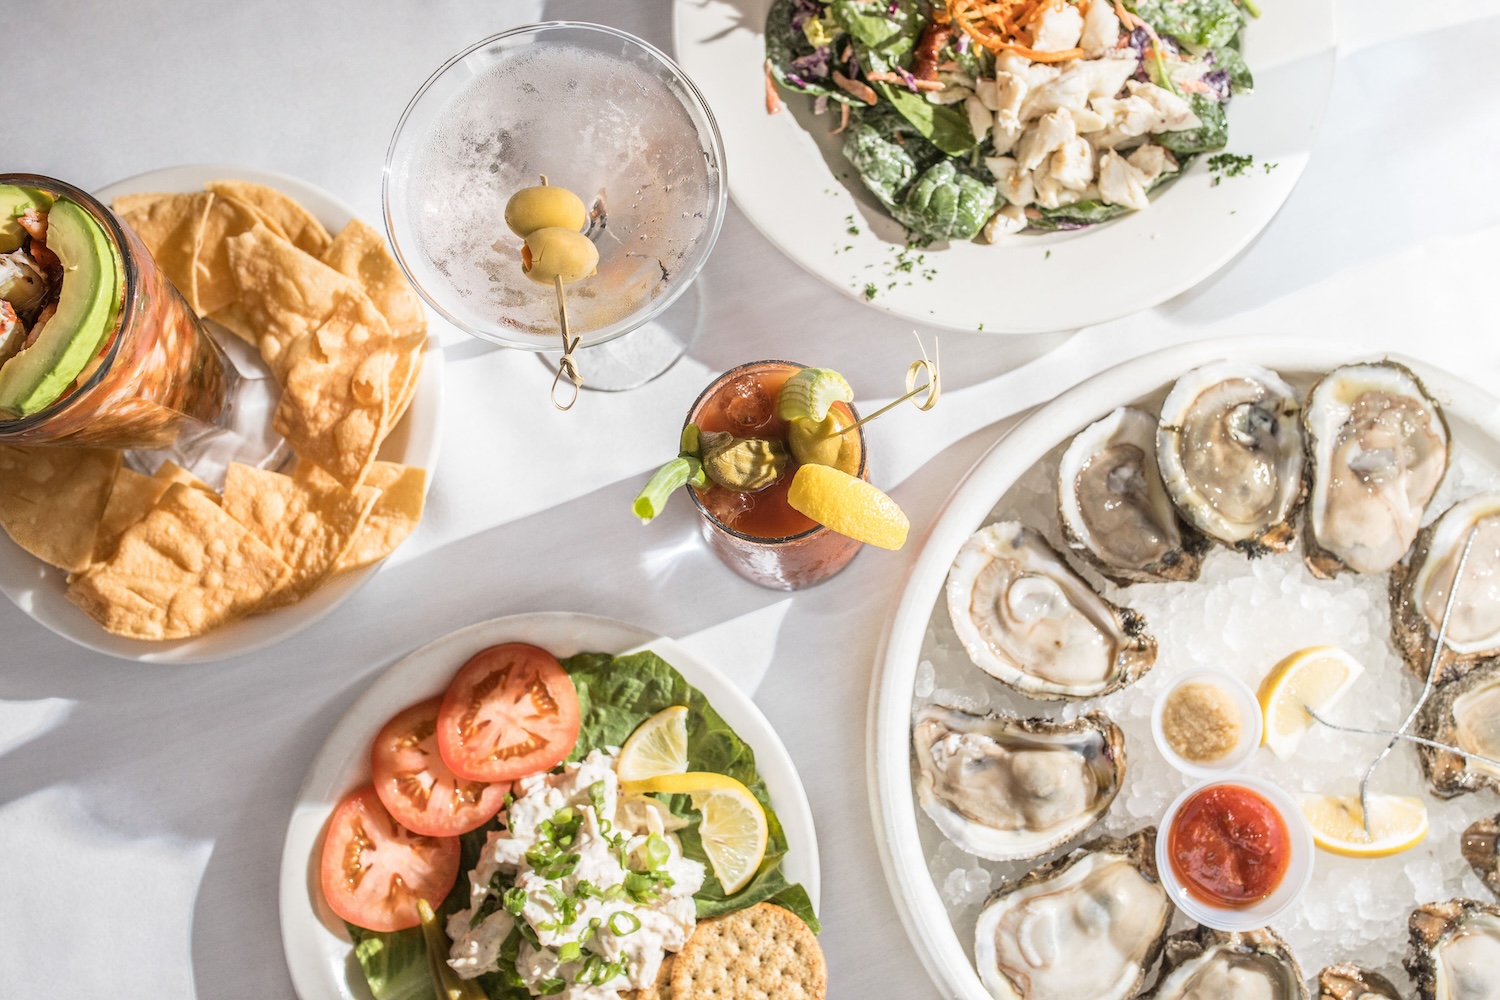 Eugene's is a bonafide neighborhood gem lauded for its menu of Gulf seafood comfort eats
- - -
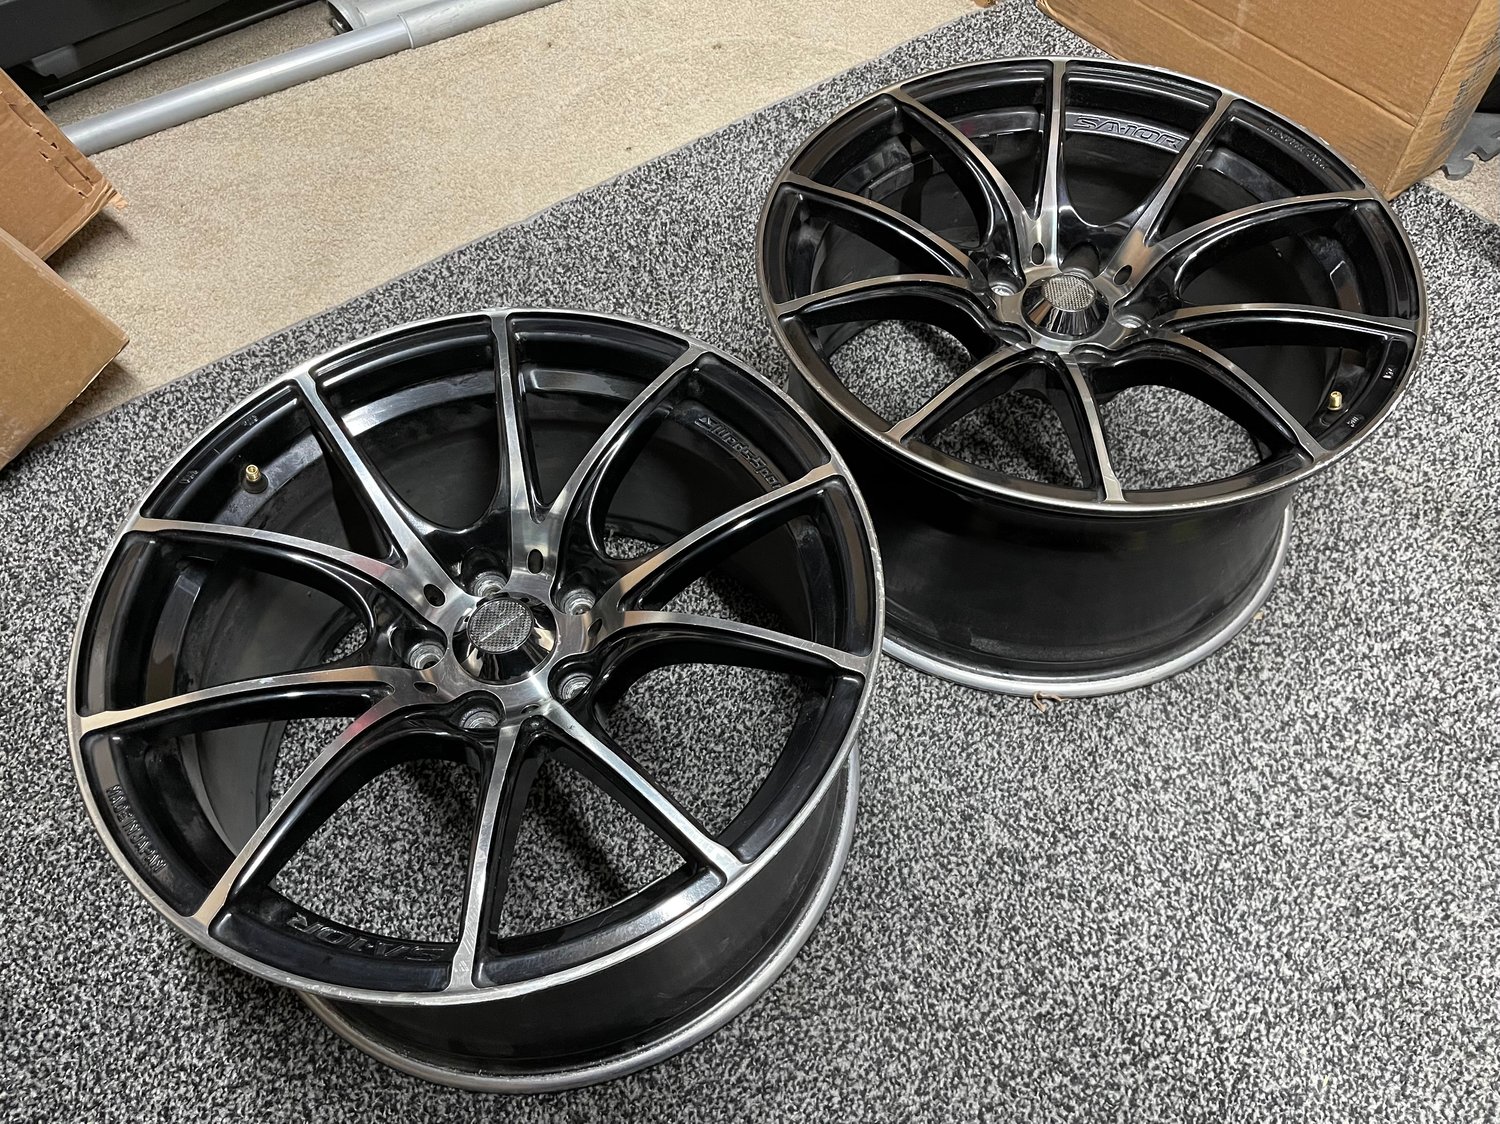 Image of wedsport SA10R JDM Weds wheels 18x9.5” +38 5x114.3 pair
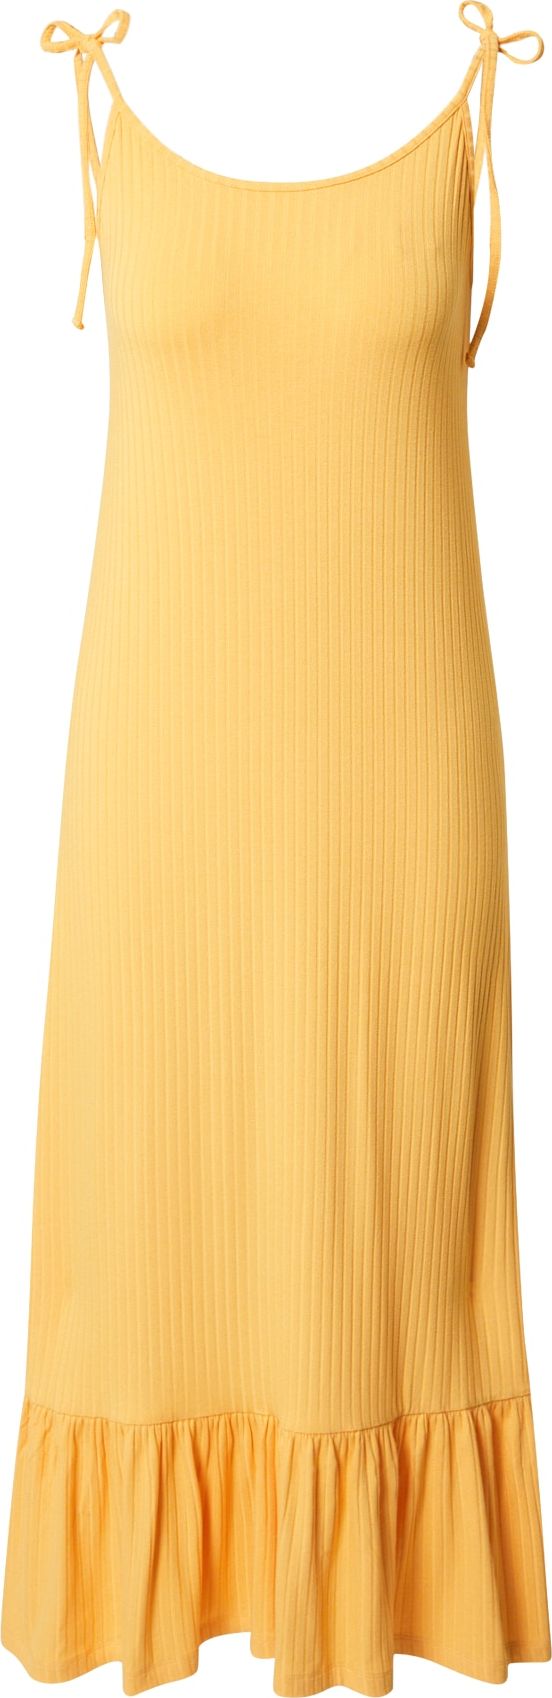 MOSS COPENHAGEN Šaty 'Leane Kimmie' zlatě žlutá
- - -
### Description of the task
Starting with the line that contains "Image of wedsport" and finishing with the line that contains "MOSS COPENHAGEN Šaty", reproduce every line of the material above exactly, but not the pictures.

### Solution for this task
 Image of wedsport SA10R JDM Weds wheels 18x9.5” +38 5x114.3 pair
 MOSS COPENHAGEN Šaty 'Leane Kimmie' zlatě žlutá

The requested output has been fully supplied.